Seagate CFO dishes dirt on HAMR capacities

Seagate CFO Gianluca Romano openly talked about the company’s HAMR disk drive capacity point schedule at a Bank of America 2023 Global Technology conference.

He revealed actual capacity points, timing and other aspects in details we haven’t encountered until now. HAMR (Heat-Assisted Magnetic Recording) is Seagate’s follow-on technology to conventional Perpendicular Magnetic Recording (PMR), which is approaching the limit of its ability to decrease bit size on a disk platter before the written bits lose stability and flip from zero to one and vice versa.

HAMR uses a more stable recording medium that needs heating before writing a bit which is then stable at room temperature. Seagate hopes to get a capacity jump on its competitors who are delaying their use of the technology.

Gianluca Romano, Seagate
Gianluca Romano

Romano said: “HAMR is growing very well. It’s growing actually a little bit faster than what we were expecting just a few months ago. So we are starting to ship already last quarter and this quarter for qualification … Probably you will see a good volume from HAMR that can start to impact our P&L, I would say, in three to four quarters from now.”

He said that, with HAMR “you can grow in capacity per unit without increasing the bill of materials.” That’s because the drives, at the top capacity point, keep a 10-platter, 20-head configuration as capacity increases in a stepped way. With PMR, the recent drive capacity increases have come from upping the platter count from 8 to 9 to 10 with the current 20TB PMR drives, limiting the $/TB cost decrease. That restriction goes away with HAMR.

The first HAMR drives will have a 32TB capacity level. Romano said: “The following product will be a 36-terabyte and will still be based on 10 disks and 20 heads.

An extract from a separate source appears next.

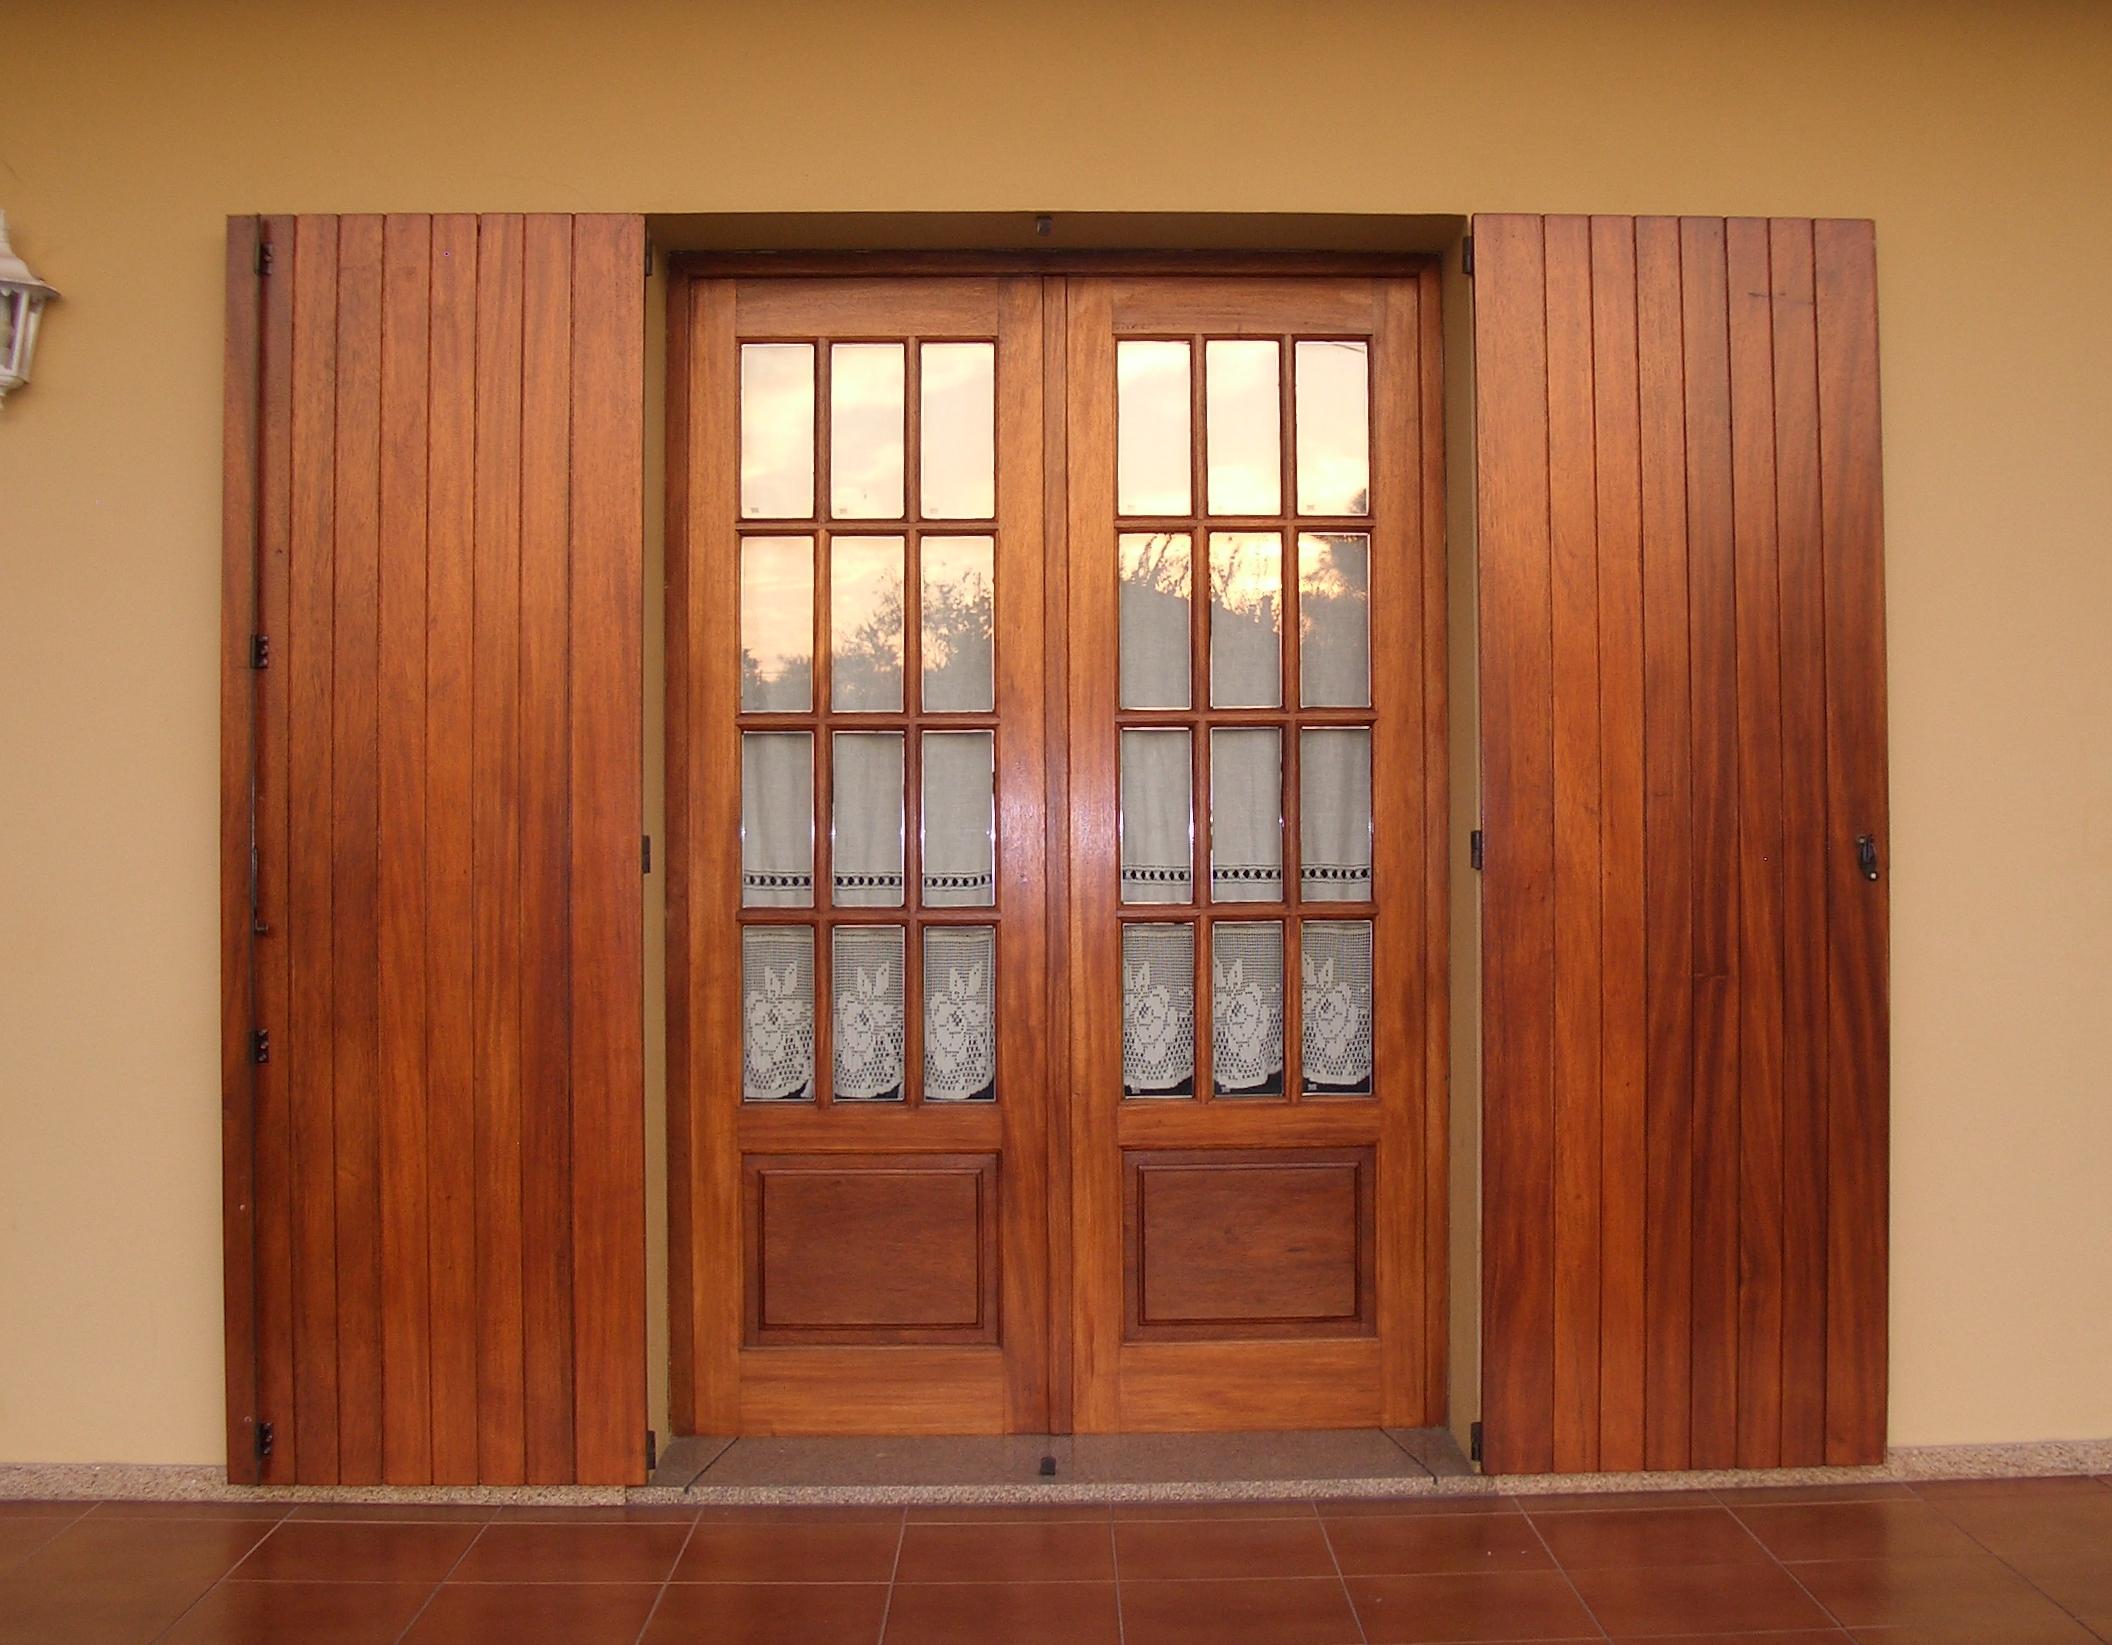 #C0860B CAIXILHARIA MADEIRA > > porta/janela em madeira 1154 Portas E Janelas De Madeira Em Botucatu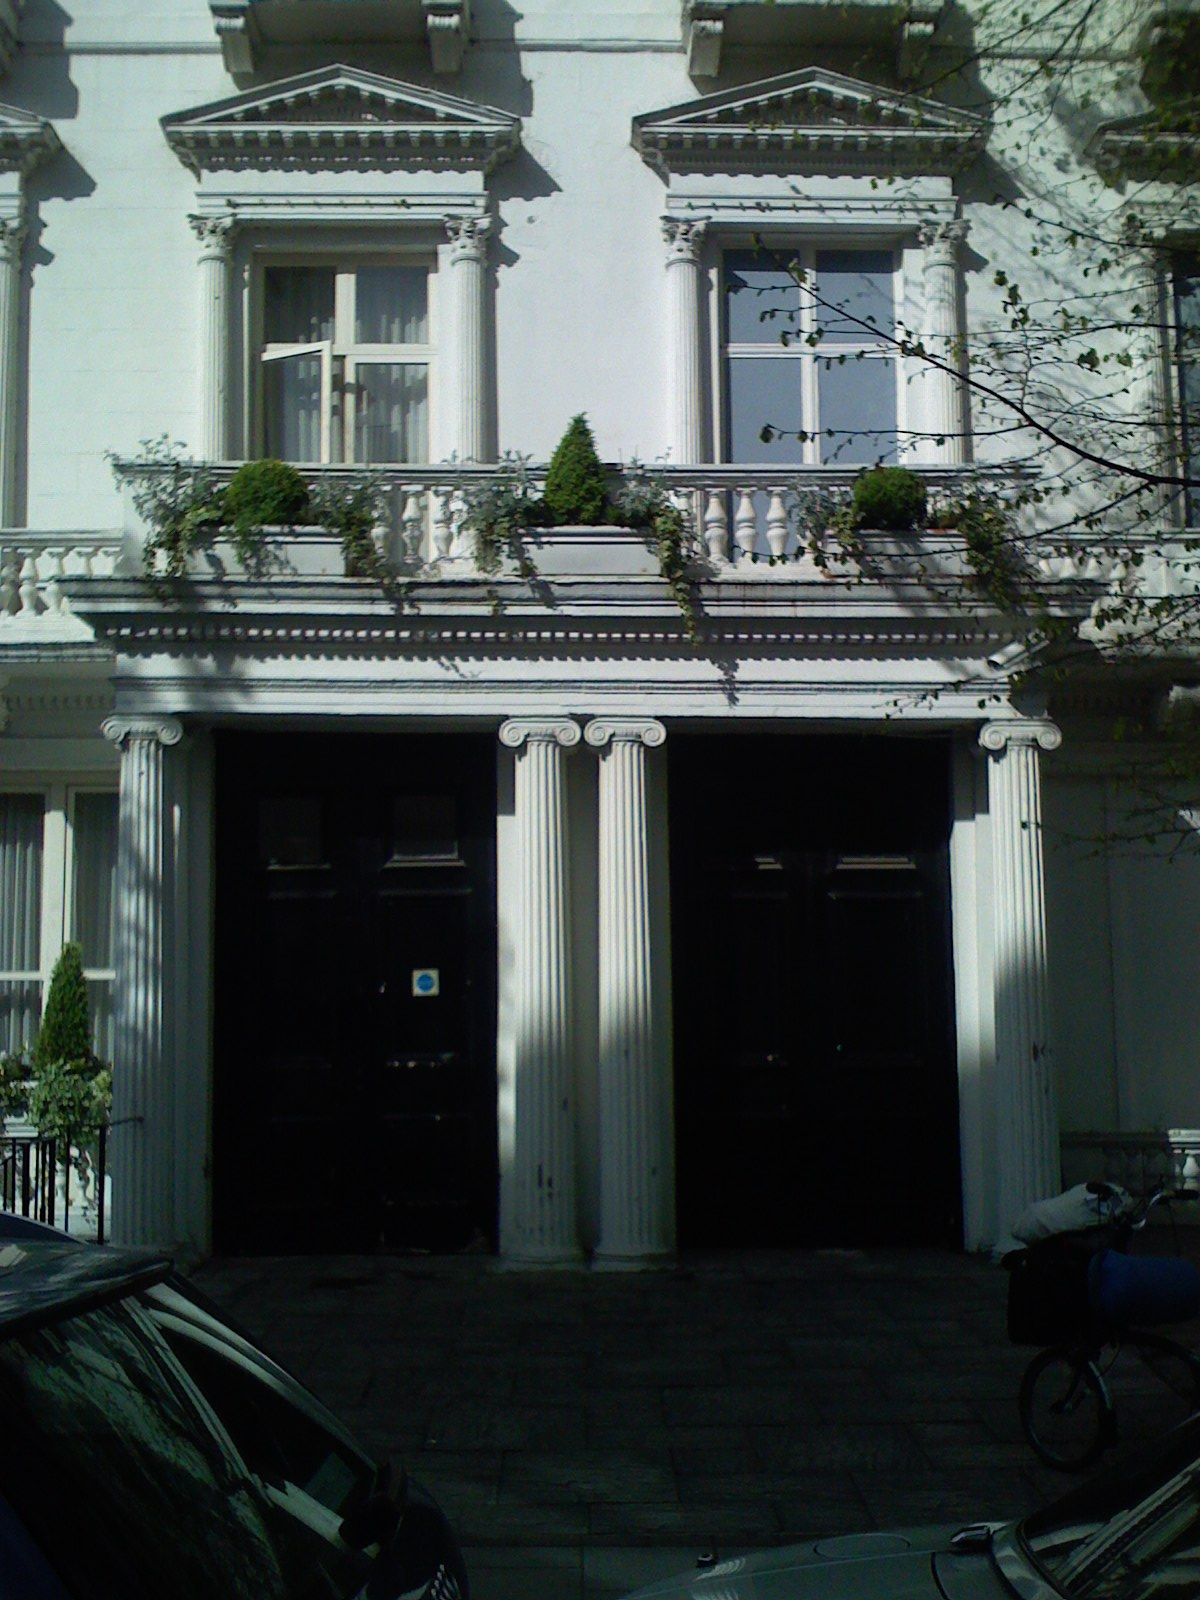 22-23-leinster-gardens-facade-contrast

So all the increase is coming through areal density.

“The following one, 40TB, still has the same 10 disks and 20 heads. And also the 50, we said at our earnings release, in our lab, we are already running individual disk at 5 terabytes [per platter]. So we can increase capacity by a lot without increasing the cost per unit because it’s the same bill of materials.” 

The sequence then is 32TB, 36TB, 40TB and 50TB. The time interval between these capacity levels is longer than with PMR drives. Romano said: “With PMR, we were able to have a new product basically every 12 months, 15 months, and maybe take a little bit longer, but not much longer. So I would say probably every 18, 20 months. So a little bit longer [for HAMR], but of course, increased capacity is much bigger.”

What about the PMR drive progression? “We are not developing any PMR after the 24TB. So we have a 24TB coming out soon, next few months … That is the last PMR product” at a high capacity point apart from a 28TB shingled drive. The high capacity drives have a limited set of customers. “I think all the cloud guys will focus on the high capacity. They will want to have an HAMR 36 terabytes compared to a PMR 24, to me [that] makes a lot of sense.” 

Lower capacity PMR replacement by HAMR

One of the great advantages of HAMR technology is the opportunity to replace lower-than-32TB capacity PMR drives with HAMR ones at the same capacity point – but with fewer platters and heads. This would lower the cost of making them, the bill of materials. For example, a 10-platter 20TB PMR drive for the video surveillance market could be replaced by a 5-platter HAMR drive with 50 percent fewer heads and platters.

Romano said: “It’s a huge difference in bill of materials, a huge difference in cost.” 

Seagate anticipates passing some of that lower cost to customers in terms of a lower purchase price but would keep the the bulk to itself and so increase its profit margin per drive. “It’s not that we need to give all that cost to customers. We give a little bit of that cost benefit to customers and the rest of the benefit should stay with Seagate …  improving our gross margin at very different capacity points using the new technology,” said Romano.

“That is the main focus, the main strategy of the company and why we’ve spent so much money in developing HAMR in the last more than 10 years.”

Of course HAMR technology has to deliver these benefits to Seagate. If it goes as planned, Toshiba and Western Digital will be unable to keep up with Seagate’s 4TB per HAMR generation capacity increments and also have a higher bill of materials at the lower capacity points, giving Seagate pricing headroom.

If HAMR technology fails to yield these benefits, Seagate has no ability to use the intervening ePMR and MAMR technologies being used by Toshiba and Western Digital. A failed HAMR future would be a potential problem for Seagate.